Bitcoin started one of the most important macro weeks of the year on a volatile sub-$17,000 level.

After last week's close, BTC/USD is showing little bullish momentum ahead of Wall Street's December 12 open.

With volatility still emerging, the biggest cryptocurrencies continue to trade in tight ranges, with analysts growing impatient with new catalysts.

They agreed that these should arrive in the next few days - US economic data due, the content and economic policy implications of which could have a significant impact on the crypto market.

Elsewhere, the precarious status quo continues — with Bitcoin miners struggling, sentiment buoyed, and traders increasingly drawing comparisons to the pits of previous bear markets.

Most important CPI print form in focus

This week everyone is talking about the Consumer Price Index (CPI) -- the leading measure of U.S. consumer price inflation.

Although it comes out every month, the latest CPI data for November, due on December 13, has additional meaning for the market. For example, the odds of a “Christmas rally” in risky assets are at stake in the two weeks before the end of the year.

It's not just the CPI report itself; the Fed's Federal Open Market Committee (FOMC) will decide on a rate hike this week, with Chairman Jerome Powell speaking and market commentators scrutinizing signs of a policy shift.

“Tuesday CPI report, Fed rate hike, Wednesday JPow speech. Stay tuned for volatility,” concluded the on-chain analysis resource material indicator over the weekend.

Popular trader MisterSpread added that during the "most (if not the most important)" week of the year, more decisions are made outside the US.

Meanwhile, trading firm QCP Capital wrote in a market update.

QCP continued:

“A higher-than-expected CPI print and more hawkish Fed have the potential to invalidate this rally, like we saw in the April and August reversals. On the other hand, another disinflationary print could see many chase a continuation of the rally into year-end.”

Whether rising or falling, the CPI tends to spark market volatility around its release, only to return to calm after Powell spoke on the rate decision.

The current consensus calls for a 50 basis point rate hike this month, according to CME Group's FedWatch tool, pointing to a pullback by the Fed at what could prove to be a major policy inflection point.

At the time of writing, the probability of 50 basis points is about 75%.

Fed target rate probabilities chart. Source: CME GroupFed target rate probabilities chart. Source: CME Group

Financial commentary resource The Kobeissi Letter called this week "the most important week of the year" but issued a warning to investors.

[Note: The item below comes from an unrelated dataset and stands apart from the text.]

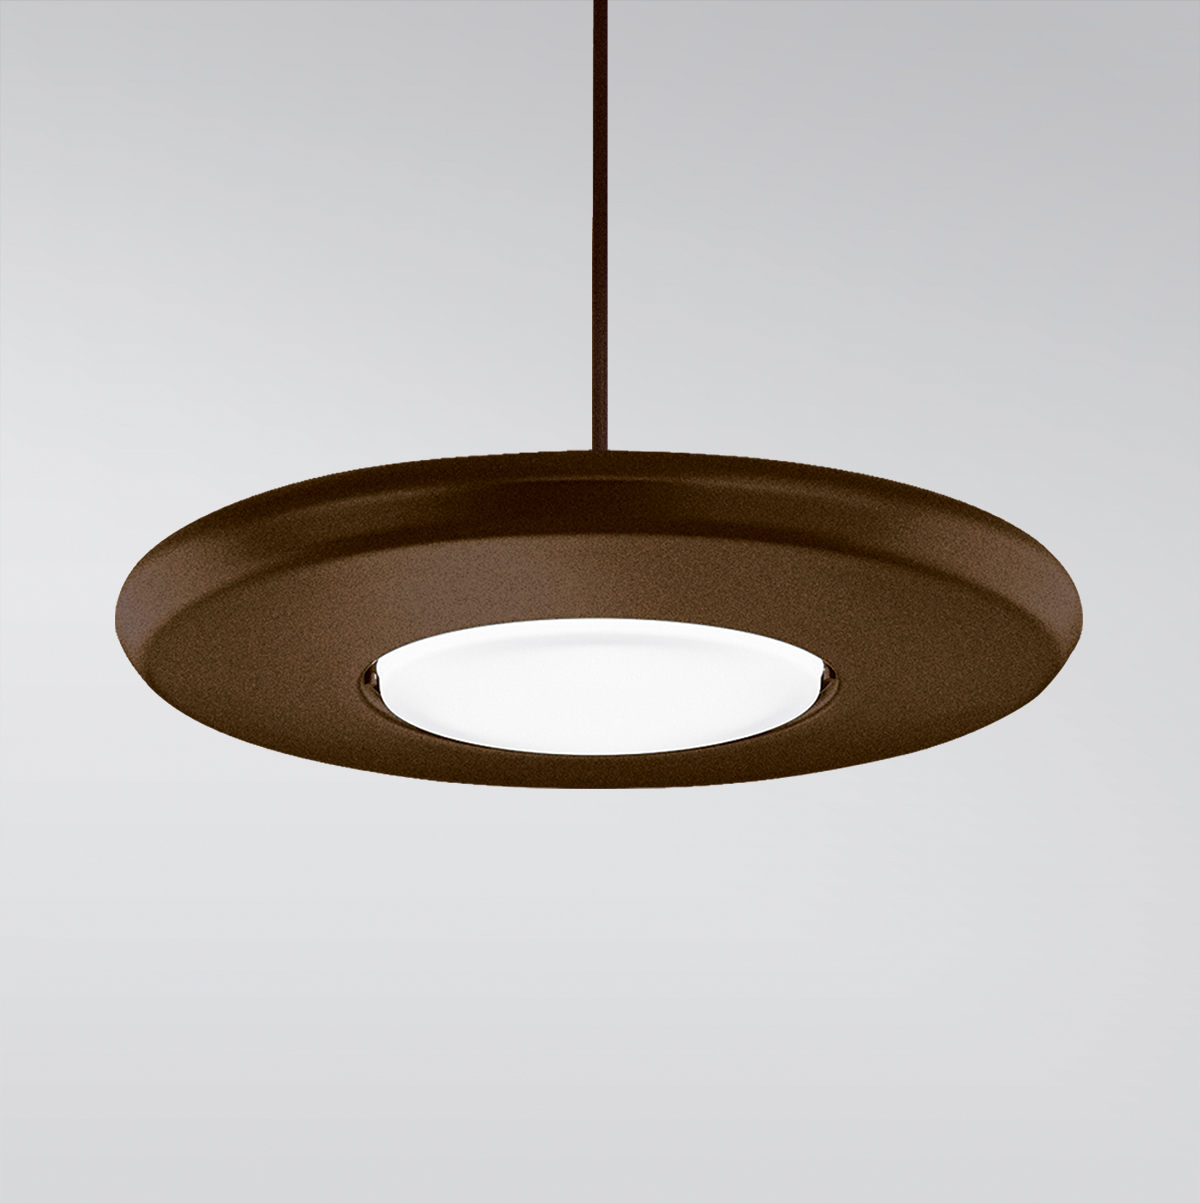 CP4454 Aries A round, disc-shaped pendant with a luminous downlight diffuser in the center

“Imagine how insane it would be if the Fed didn’t pivot or November CPI was higher than October’s 7.7%,” the Dec. 8 tweet read:

“This is why you don’t want a Fed controlled market.”

BTC spot price awaits action

With everyone's eyes on the Fed, traders understand that political and macro data will determine the direction of BTC/USD in the coming days.

Barring force majeure, you may have no choice but to sit back and wait for the data to arrive.

Meanwhile, data from TradingView shows that BTC/USD continues to trade in the very familiar zone of around $17,000.

BTC/USD 1-day candle chart (Bitstamp). Source: TradingViewBTC/USD 1-day candle chart (Bitstamp). Source: TradingView

Flat for several days in a row, the pair appears to have no direction as the dust from the FTX implosion continues to settle.

“Since June, BTC has been oscillating between realized price (green) and equilibrium price (yellow),” analytics resource On-Chain College summed up the medium-term trend:

“I’m interested in a sustained movement outside of this range, which has yet to occur.”

BTC/USD “Bear market levels” chart. Source: On-Chain College/ TwitterBTC/USD “Bear market levels” chart. Source: On-Chain College/ Twitter

Some are more explicit about BTC’s price action. Matthew Dixon, founder, and CEO of cryptocurrency rating platform Evai, urged Bitcoin to "complete a higher overall correction" to erase most of FTX's losses.

BTC/USD annotated chart. Source: Profit Blue/ TwitterBTC/USD annotated chart. Source: Profit Blue/ Twitter

Meanwhile, popular commentator Profit Blue claims that $10,000 will reappear before early 2023.

“Bitcoin price will hit $10,000 and may bottom soon. Pay attention to the details,” reads an accompanying chat comment.

BTC/USD annotated chart. Source: Profit Blue/ TwitterBTC/USD annotated chart. Source: Profit Blue/ Twitter

Dollar teases new strength

Meanwhile, trader Bluntz, who expects a trend reversal in the U.S. dollar, warned that Bitcoin could still be in bearish territory by the end of the year.

The U.S. dollar index (DXY), which has been under pressure for weeks, has begun to seal higher intraday lows, potentially creating dollar strength for a rally.

This can spell trouble for the entire crypto market due to the inverse correlation.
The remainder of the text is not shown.